Actually, I need help with this. I have tried the tricks that I know of, please let me know if you have better ideas. Especially related to improving parsing and generating the markdown content.

- **Parallel generation** - Multi-crate mode uses rayon for 2-4x speedup on multi-core systems
- **Zero-allocation lookups** - Registry queries use hashbrown's raw_entry API (~4x faster than standard HashMap)
- **ASCII fast path** - Anchor slugification skips unicode normalization for pure ASCII names (~18x faster)
- **Inline strings** - `CompactString` stores short identifiers without heap allocation

## Current Limitations

To be honest, it's currently good enough for my use cases. There are some
formatting issues here and there. I haven't tested it out on any EXTREMELY LARGE
repo yet - should probably be fine though.

- **External re-exports** - Re-exported items now link to their original definitions when all relevant crates are included. If a dependency's JSON isn't available, the re-export will link to the re-exporting module instead. Workaround: include all dependency JSON files in `--dir`.
- **Duplicate headings** - Some crates start their docs with `# Crate Name`, which duplicates our generated heading. Basic mitigation exists for exact matches, but edge cases remain.
- **No incremental builds** - Regenerates everything every time. Fine for most crates, slow for huge workspaces. Use `just quick` to skip cargo clean.
- **Reference link conversion** - Markdown reference links like `[text][ref]` may get incorrectly processed in rare cases.
- **Cross-crate impl lookup** - When rendering re-exported types, impl blocks from the source crate might not be found in edge cases.

## What's In Development

- **Crate graph visualization** - Show dependency relationships between crates
- Incremental generation

## Dependencies

The heavy lifting is done by:

- `rustdoc-types` - The official rustdoc JSON schema
- `clap` - CLI argument parsing
- `serde` / `serde_json` - JSON handling
- `regex` - Processing doc links
- `miette` - Nice error messages
- `indicatif` - Progress bars
- `rayon` - Parallel multi-crate generation
- `hashbrown` - High-performance hash maps with raw_entry API for zero-allocation lookups
- `unicode-normalization` - NFC normalization for anchor slugification
- `compact_str` - Inline strings (≤24 bytes without heap allocation)
- `tracing` - Structured logging (compiled out in release builds via `release_max_level_info`)

## Contributing

Issues and PRs welcome.

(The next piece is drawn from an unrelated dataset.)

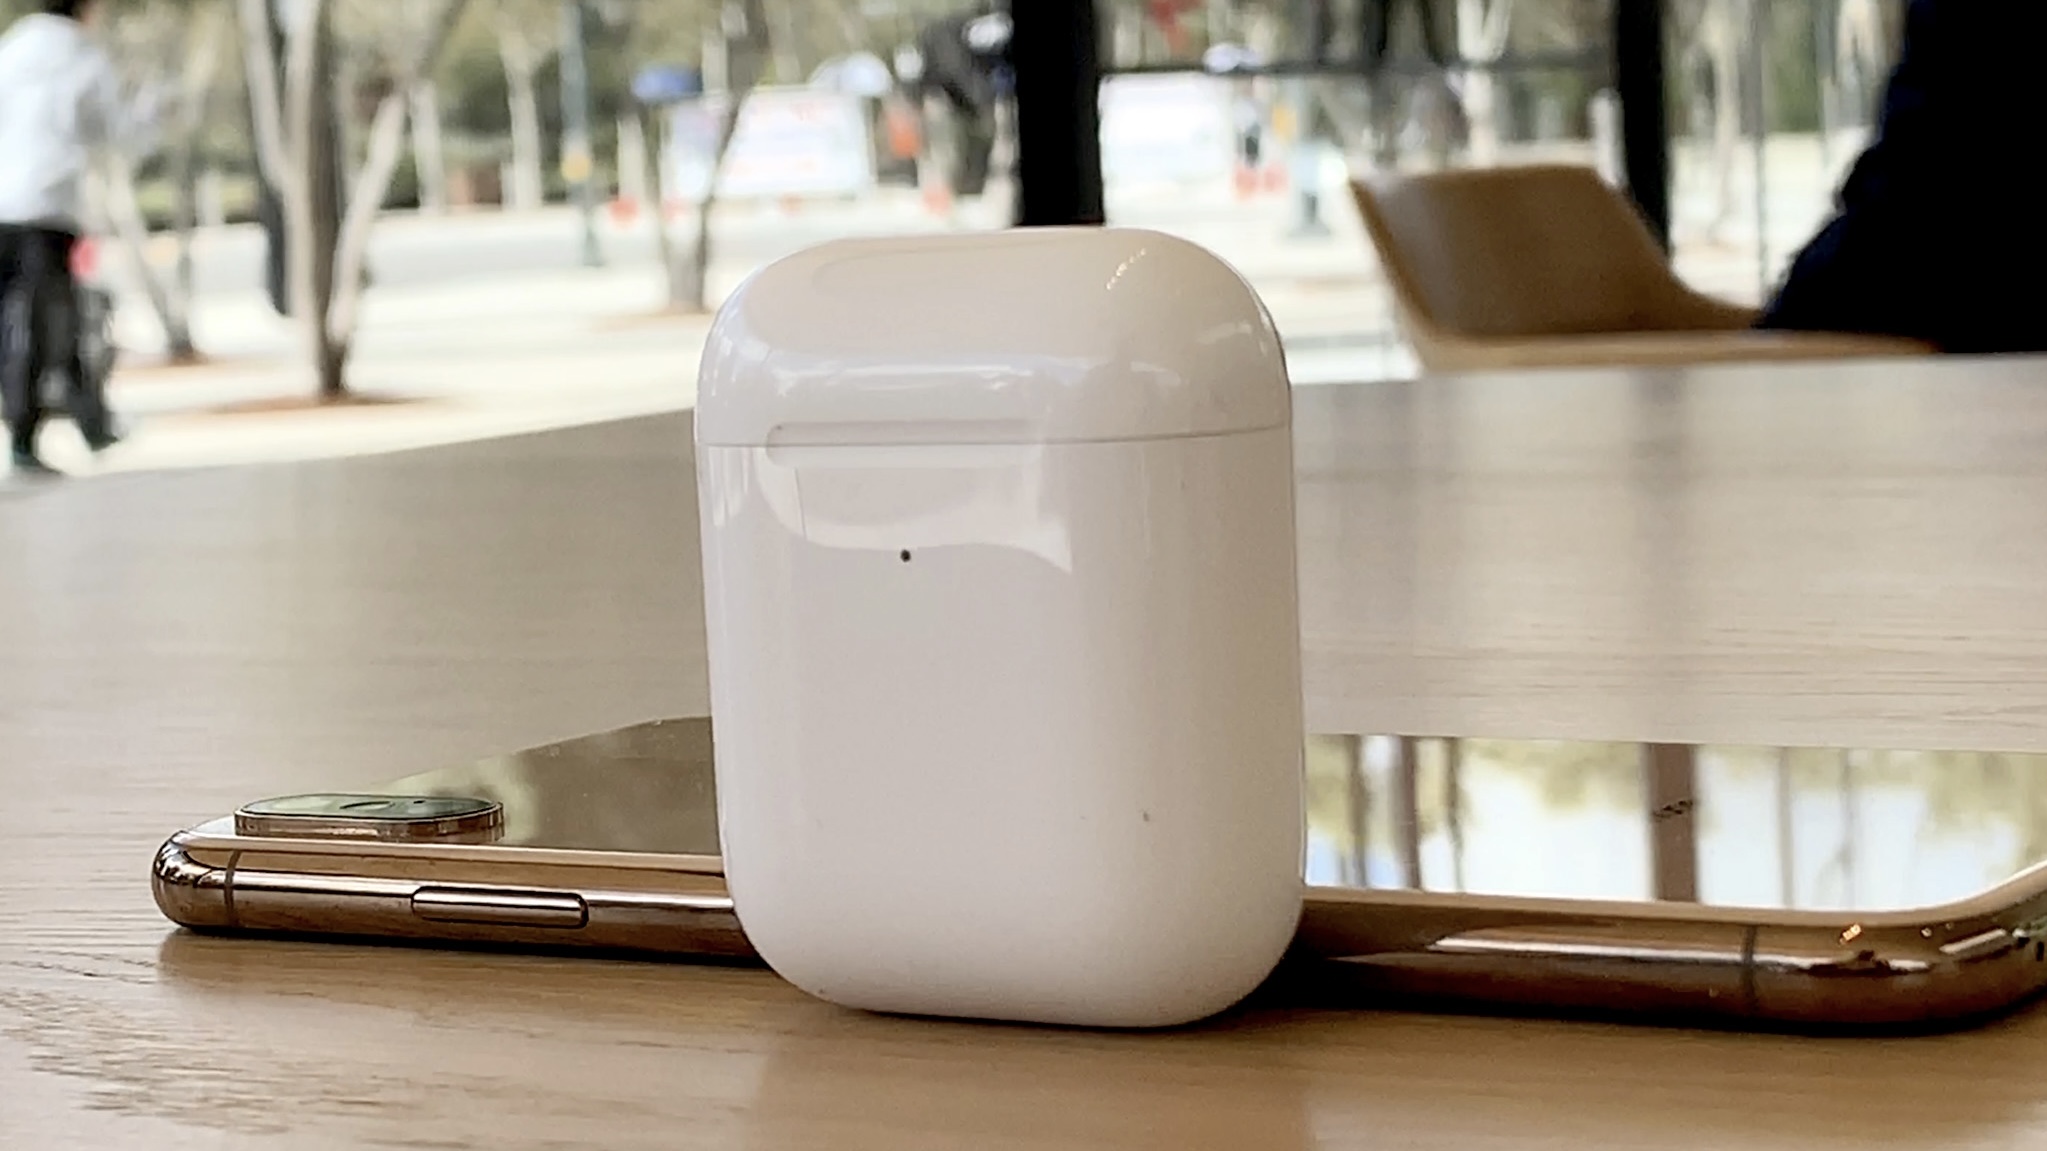 AirPods 2 Wireless Charging Case standing on table with gold iPhone XS behind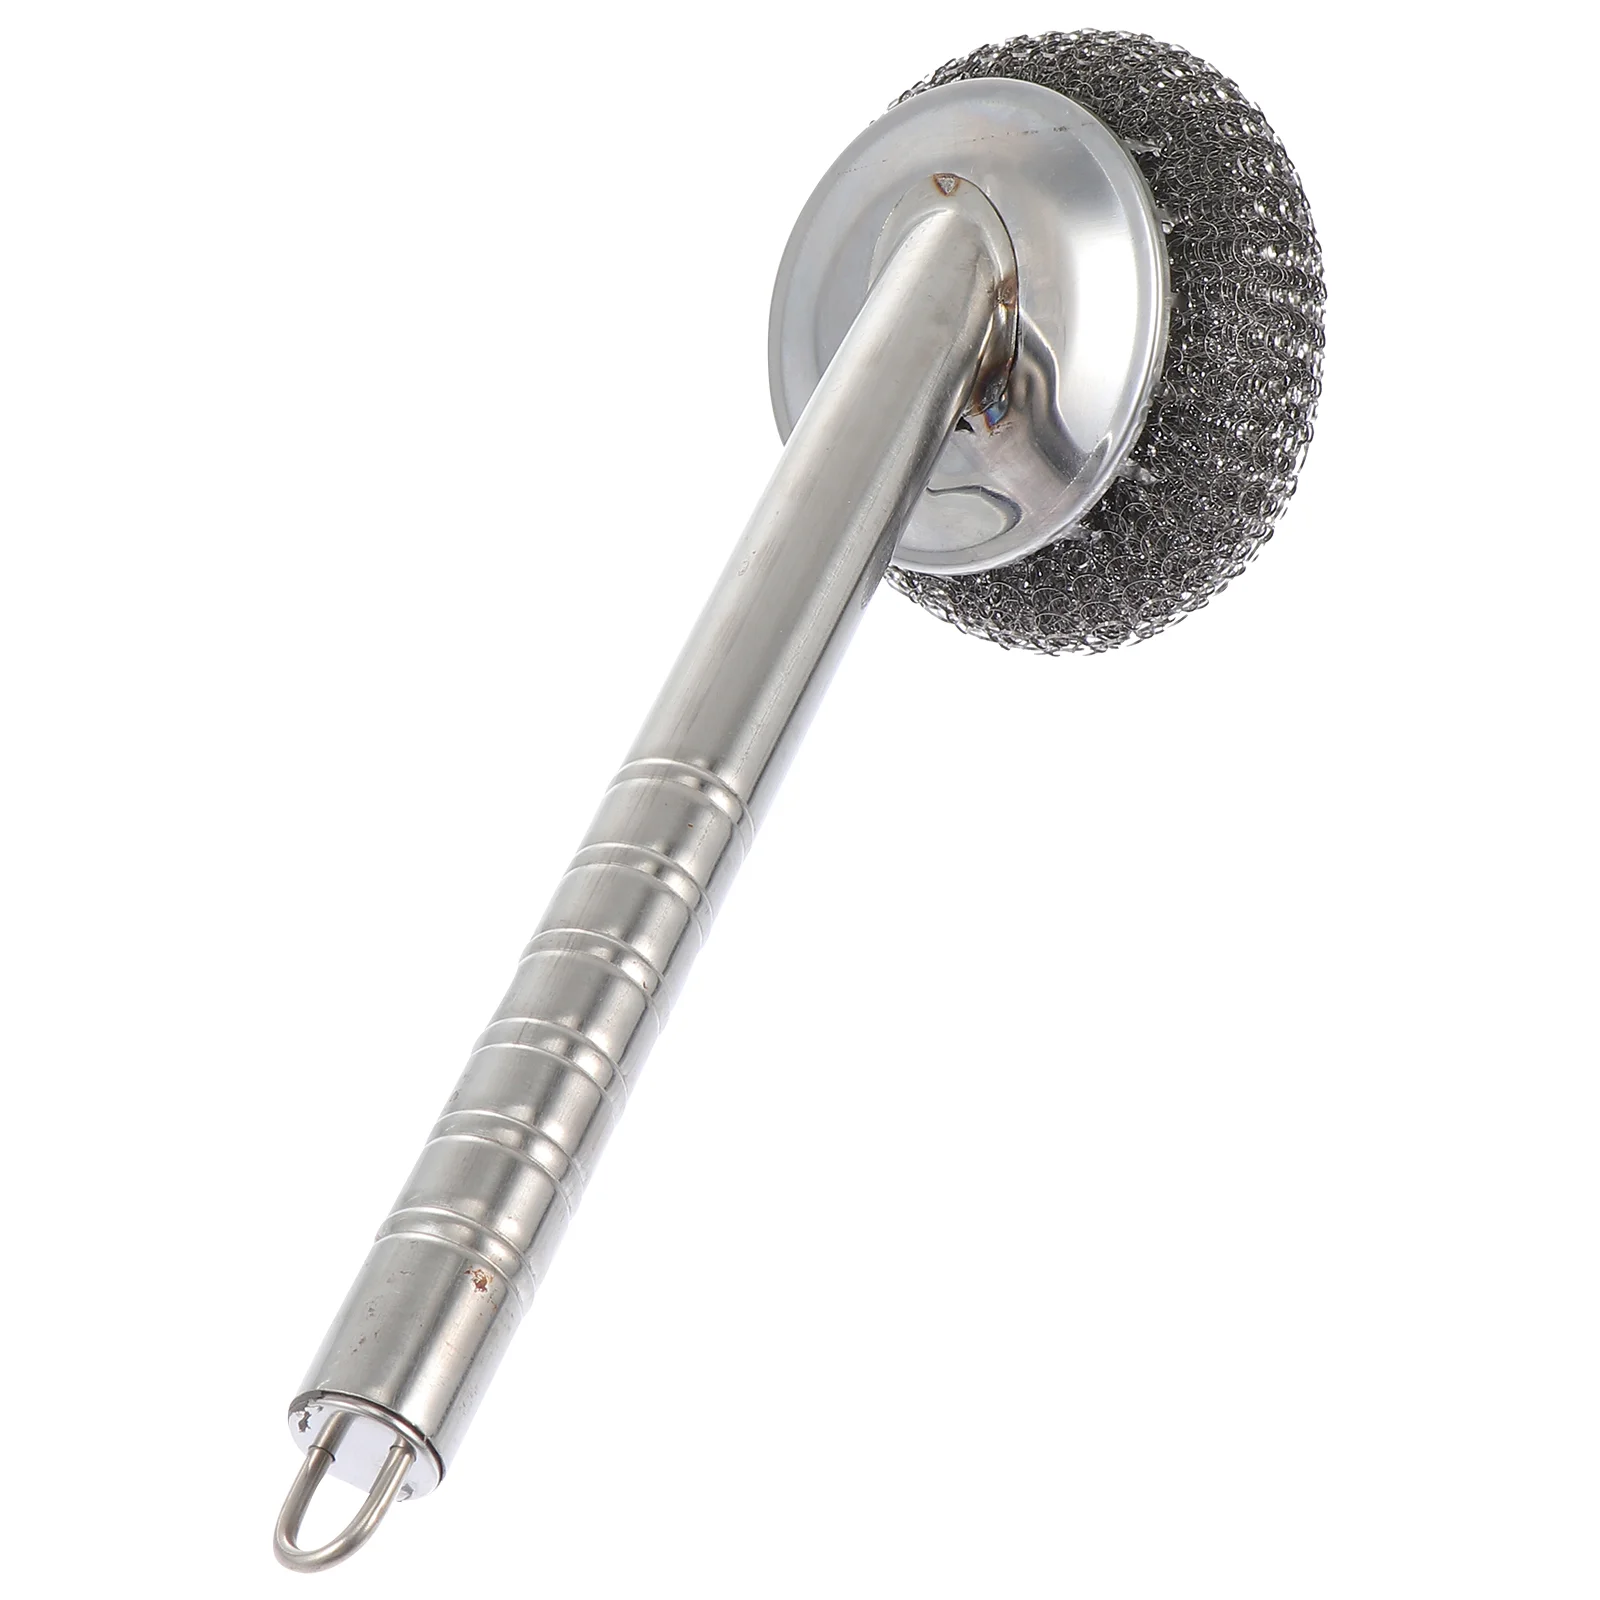 Stainless steel scrubbers

The codebase should be FULLY DOCUMENTED (should not build if not, due to the `#![deny(missing_docs)]` lint in root lib.rs). Each module has a `//!` header explaining what it does, and public functions have doc comments.

## License

MIT

This was mostly developed for personal use. If it's useful to you too, that's great. If you find bugs or have ideas, let me know.